М., ‘Книжная палата’, 1991.
I
Мягкая меховая шапка гречником, длинная московская шуба, слегка шаркающие калоши и знакомый басок:
— Голубчик, хорошо в Петербурге. Люблю я петербургскую литературную среду. Да и вообще хорошо быть русским литератором. Превосходнейшие люди — русские литераторы…
Мы идем с Чеховым в зимний день где-то около Исаакиевского собора. Идем, чтобы захватить еще одного ‘превосходнейшего человека’ и пойти вместе куда-нибудь пообедать,— ну, хоть к Палкину, что ли. В те времена все мы были непритязательны.
Смеется и Чехов тихонько. Нет, он говорит искренно. В голосе, в глазах — ирония, но она у него всегда, неотделимая от него, и вряд ли он сам ее замечает.
Помню эти частые его зимние приезды в Петербург, в начале девяностых годов. Но первое мое знакомство с Чеховым состоялось раньше.
Двадцать три или двадцать четыре года тому назад, вскоре после закрытия ‘Отечественных записок’, возник журнал ‘Северный вестник’. Редактором была А. М. Евреинова, издательницей — Сабашникова. Беллетристикой заведовал Плещеев, критическим отделом вначале — Михайловский. Последний очень строг был к молодым сотрудникам вроде меня, и я до сих пор не понимаю, как могла проскользнуть помимо него восторженная статья о Чехове1. Верно, случилось это за время редакторского отсутствия. А может быть, он уже тогда фактически стал отдаляться от ‘Северного вестника’. Помню, однако, его резко осудительное письмо ко мне по поводу этой статьи. В то время глаза всех были устремлены на Гаршина. Его трагическая кончина еще усилила его влияние. Чехов едва начинал, под крылом Суворина. Вышел томик его рассказов ‘Хмурые люди’. И никому не хотелось после ‘Красного цветка’ глядеть в сторону ‘Хмурых людей’.
С тех пор я много писал о творчестве Чехова, и сейчас, здесь, в кратких заметках, мне бы не хотелось говорить о нем как о художнике. Я вызываю в памяти моей человека. Я не был с ним близок и, конечно, не понимал его в те дни. Требовал того, чего он не мог дать. В молодости мы всегда неразумно требовательны к тем, кого любим. Впрочем, мы с Чеховым были слишком разные люди.
В нежный мартовский день, в Венеции, я зашел как-то с площади Св. Марка в собор.

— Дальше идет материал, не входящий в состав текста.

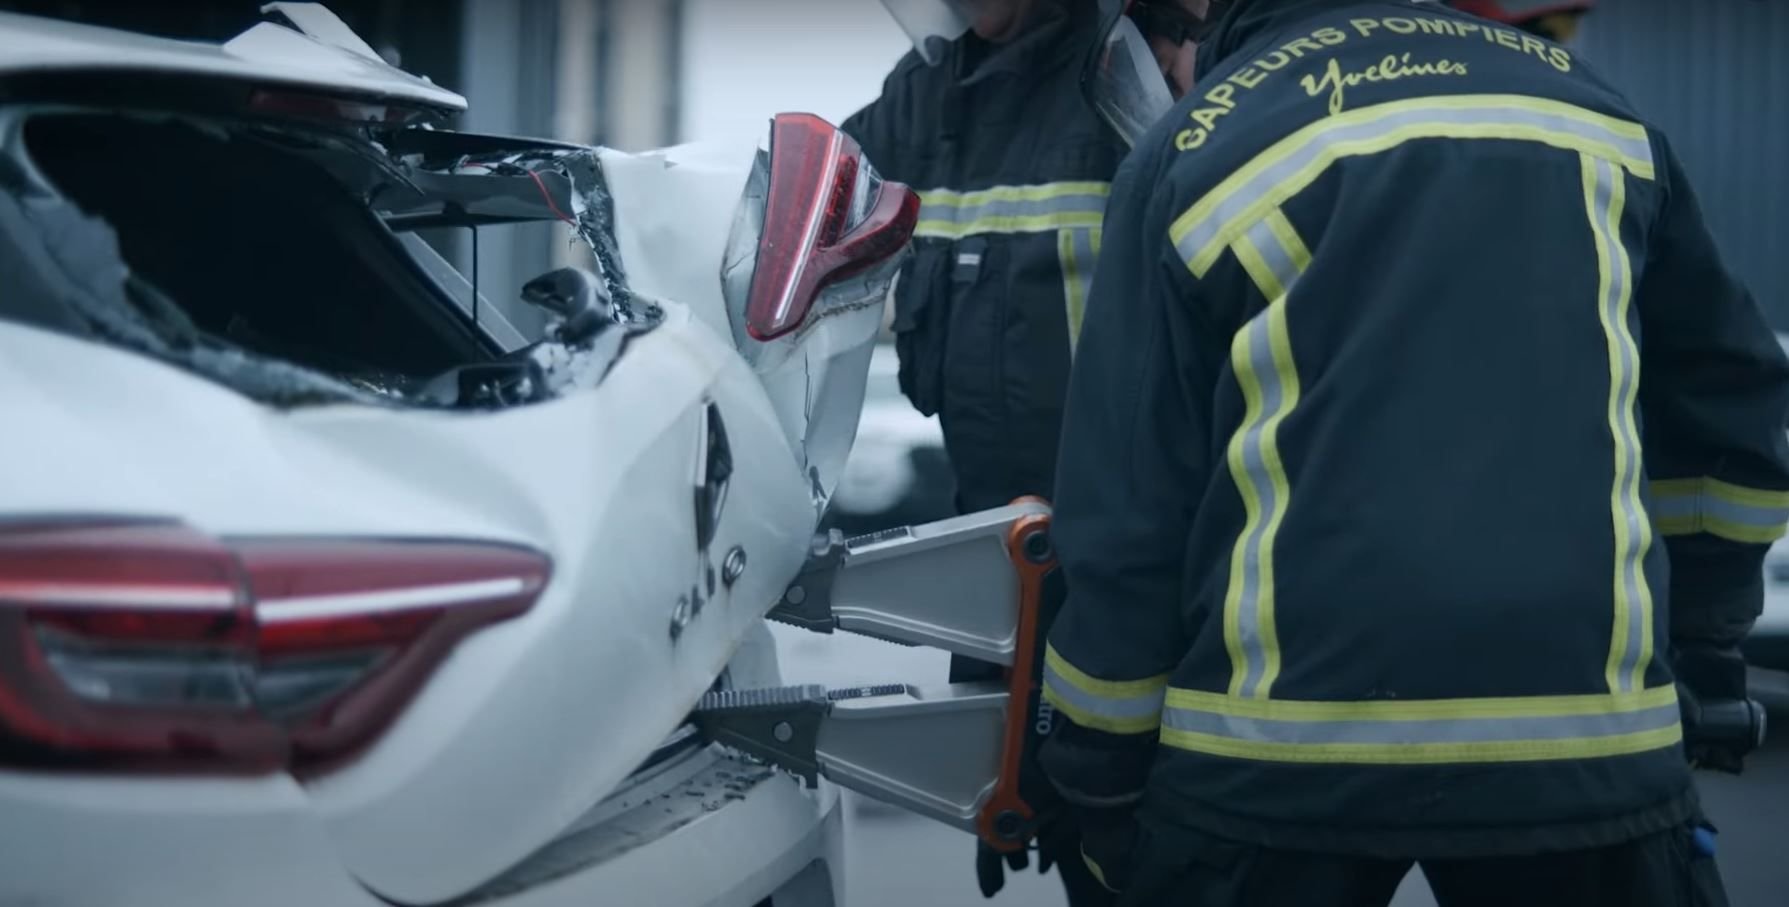 Les sapeurs-pompiers des Yvelines travaillent avec le constructeur Renault depuis dix ans. Une coopération illustrée dans le court film documentaire «Time Fighters » réalisé pour l'occasion. Renault/Jules et Gédéon Naudet

Мы оба, я и жена моя, в первый раз тогда были в Италии, в первом итальянском городе.
— Посмотри. Это — русские?
Сутулый, бодрый старик в крылатке. С ним рядом — молодой, полузнакомое бледное лицо с бледной бородкой.
Старика я знал. Это был Суворин. Почему я угадал, что спутник его — Чехов, не помню. Должно быть, я встречался с ним в редакции ‘Северного вестника’, мельком.
Мы подошли к ним, в тени собора сразу все познакомились, и вышло как-то, что весь этот день мы провели вместе. Осматривали стеклянные фабрики и покупали безделушки.
Молоденькая спутница моя быстро подружилась с А. С. Сувориным и все с ним спорила. Я восторженно говорил с Чеховым об Италии. Он шел рядом, высокий, чуть горбясь, как всегда, и тихонько усмехался. Он также в первый раз был в Италии. Венеция тоже была для него первым итальянским городом, но никакой восторженности в нем не замечалось. Меня это даже немного обидело.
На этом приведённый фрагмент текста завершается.